L’esposizione dei rifiuti agli agenti atmosferici, in particolare alla pioggia, determina la formazione di percolato il
quale, captato attraverso un’idonea rete di tubi fessurati, viene inviato allo specifico impianto di trattamento. Il
refluo chiarificato viene riutilizzato per l’inumidimento dei rifiuti.
L’acqua impiegata per l’inumidimento dei rifiuti, al fine di evitare il sollevamento di polveri, determina un
contributo minimo alla formazione del percolato in quanto le portate impiegate risultano le minime indispensabili
al raggiungimento dell’obiettivo, tenendo conto della quota soggetta ad evaporazione.
Il controllo del percolato riguarda prevalentemente la fase di gestione, data la natura dei rifiuti conferiti in
discarica che non comporta la produzione di un percolato proprio e considerato che la chiusura ed
impermeabilizzazione finale della discarica eviterà il contatto tra i rifiuti e le acque meteoriche.
L’attività prevede comunque controlli preventivi a cadenza periodica nell’arco dell’anno e in concomitanza di
eventi meteorologici intensi, dato che non si può escludere totalmente la possibilità di cedimenti differenziali che
potrebbero interrompere l’integrità della protezione superficiale.
In fase di post-gestione, nel caso si riscontri la presenza di percolato nonostante il sistema di
impermeabilizzazione superficiale, si provvederà al suo allontanamento e invio al trattamento depurativo.
Il campionamento del percolato avverrà nell’unico punto di fuoriuscita dello stesso dalla discarica (pozzetto
esterno di rilancio al sistema di trattamento).

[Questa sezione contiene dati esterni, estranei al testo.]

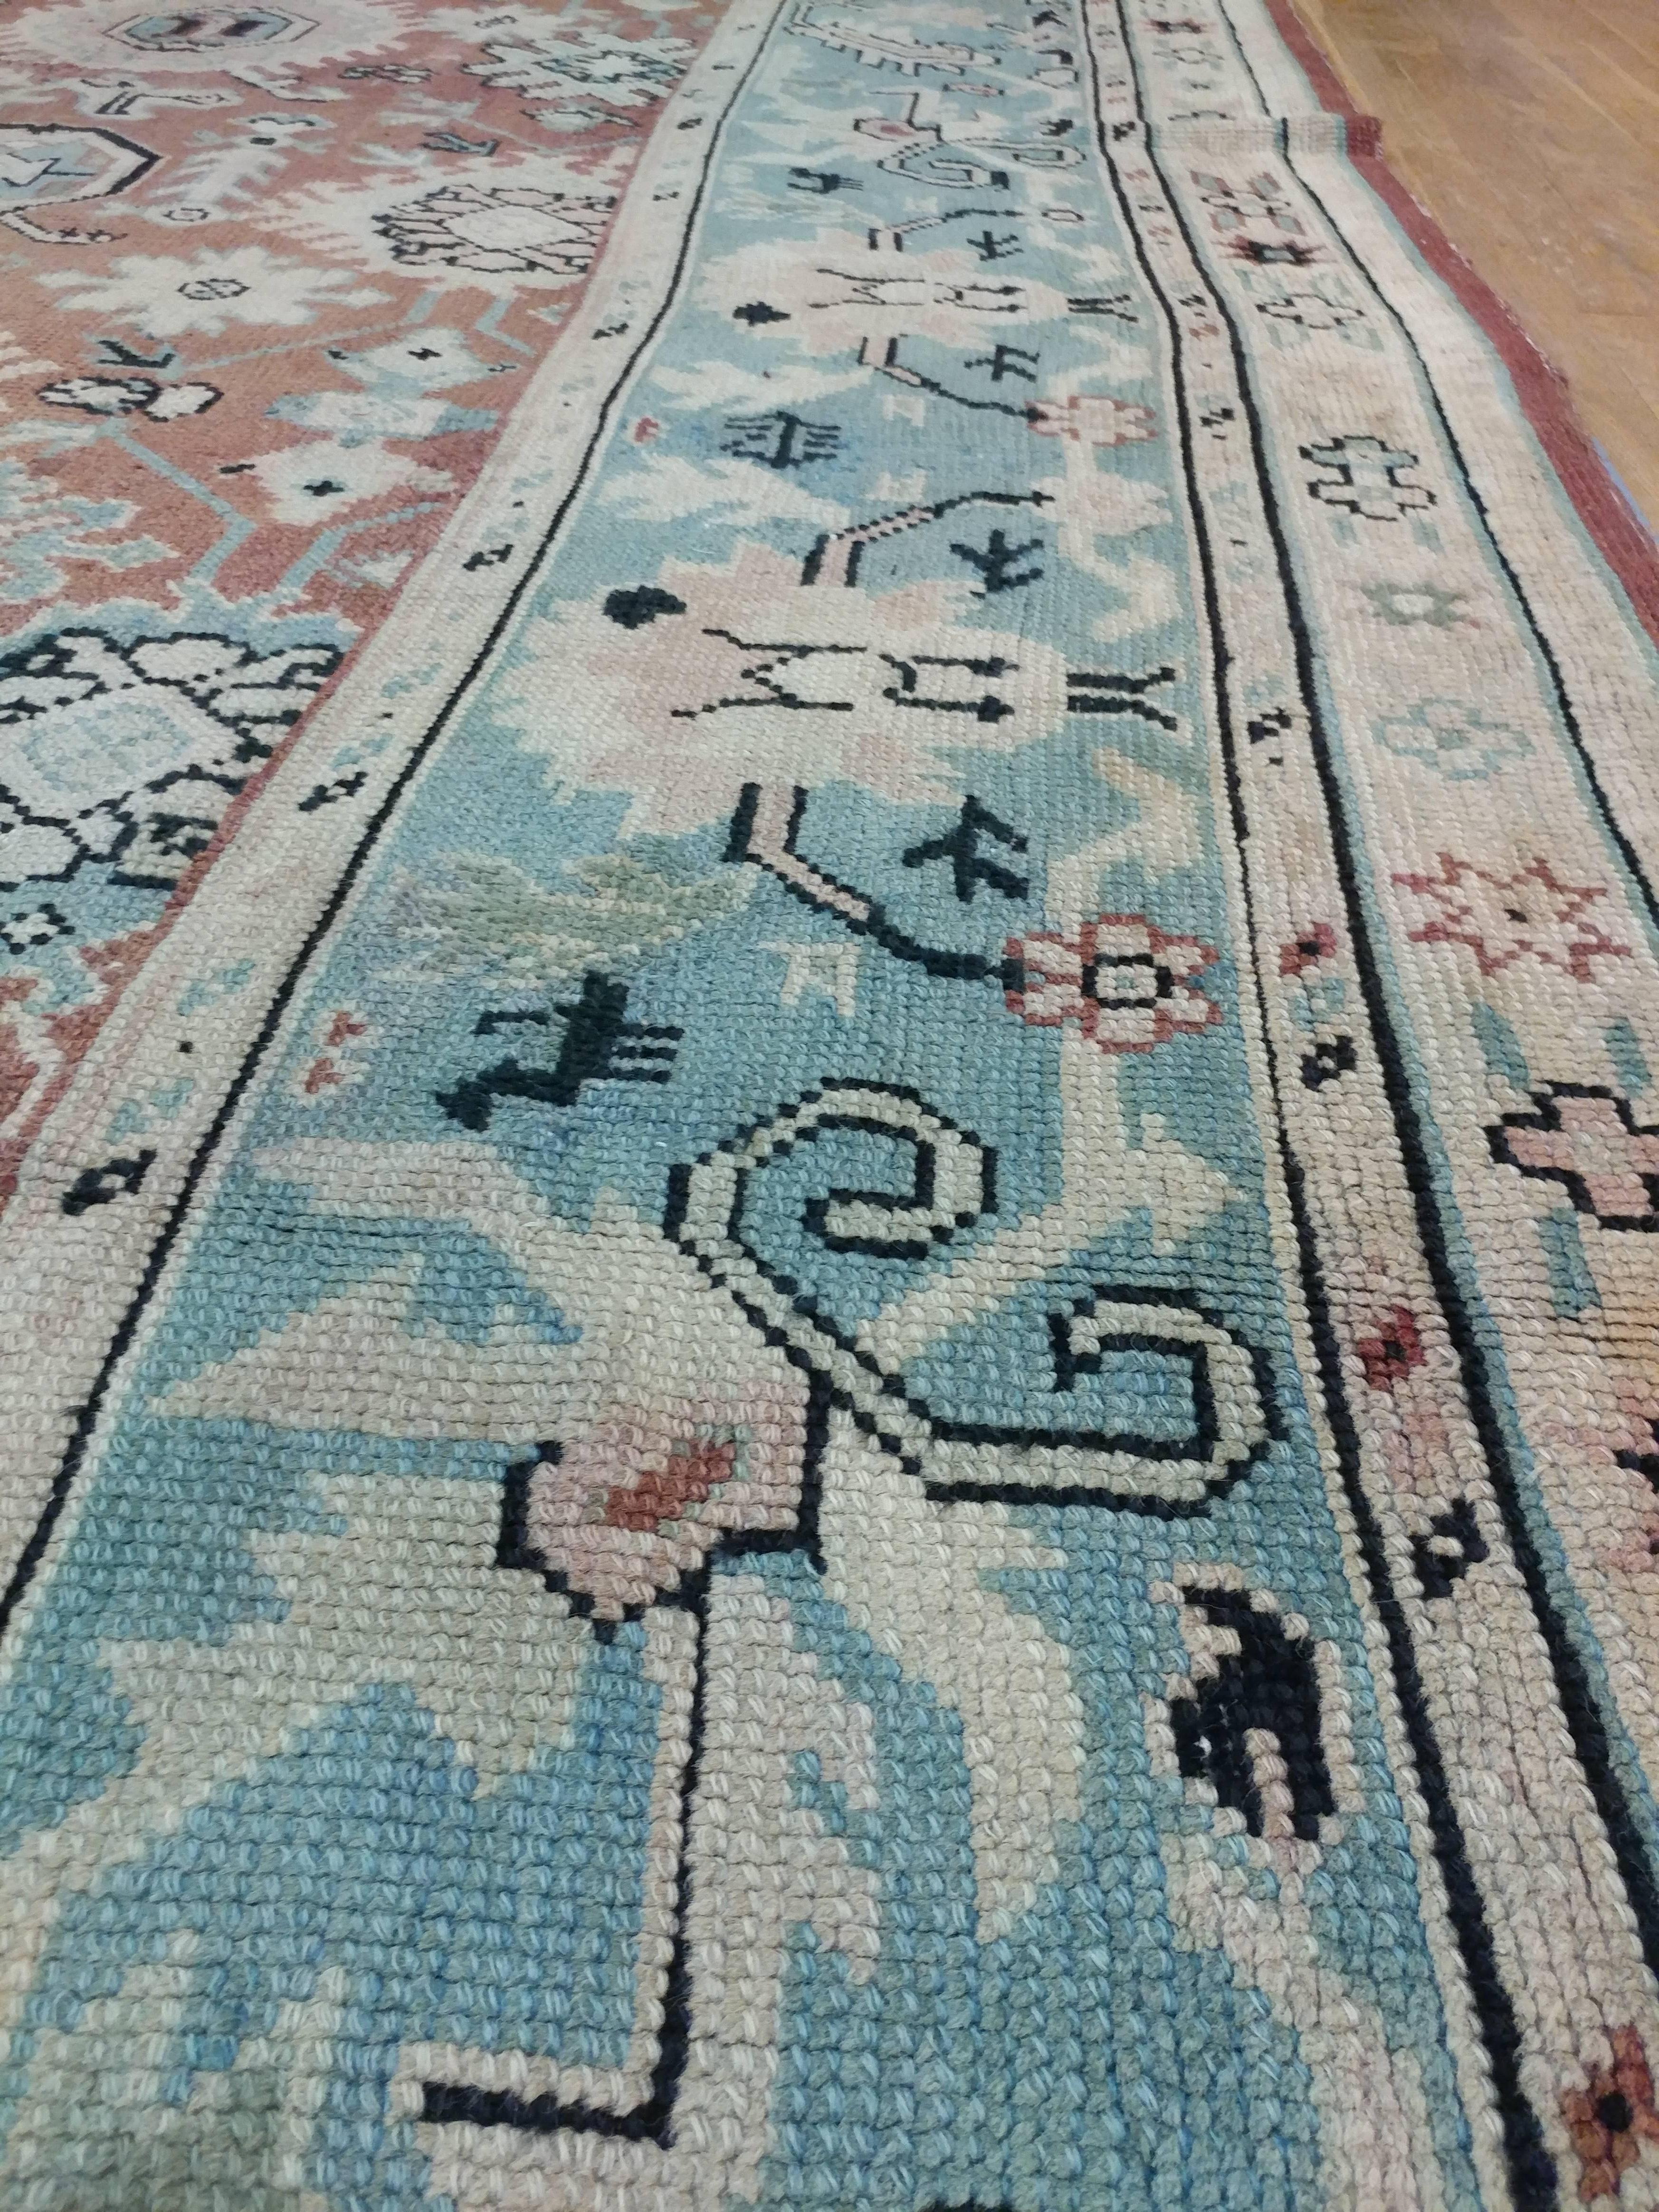 Antique Oushak Carpet, Red Carpet, Handmade Carpet, Turkish Carpet, Brown, Green In Good Condition For Sale In Port Washington, NY

Le misurazioni del percolato in entrata all’impianto di trattamento saranno effettuate da un apposito misuratore e
trasmesse al PC di monitoraggio del sistema, il quale sarà in grado di dettagliare istante per istante il volume di
liquido trattato.
I controlli sul volume e la composizione del percolato si eseguiranno secondo il seguente schema:
FREQUENZA MISURE
PARAMETRO
GESTIONE OPERATIVA
GESTIONE POST-OPERATIVA
VOLUME
MENSILE
SEMESTRALE
COMPOSIZIONE
MENSILE
SEMESTRALE
I prelievi dei campioni sono eseguiti dalla Società incaricata dell’esecuzione delle analisi secondo il metodo APAT
CNR IRSA 1030 Man 29 2003.
Si specifica che l’impianto di trattamento del percolato esegue in continuo la misura dei valori di pH e della
portata in ingresso.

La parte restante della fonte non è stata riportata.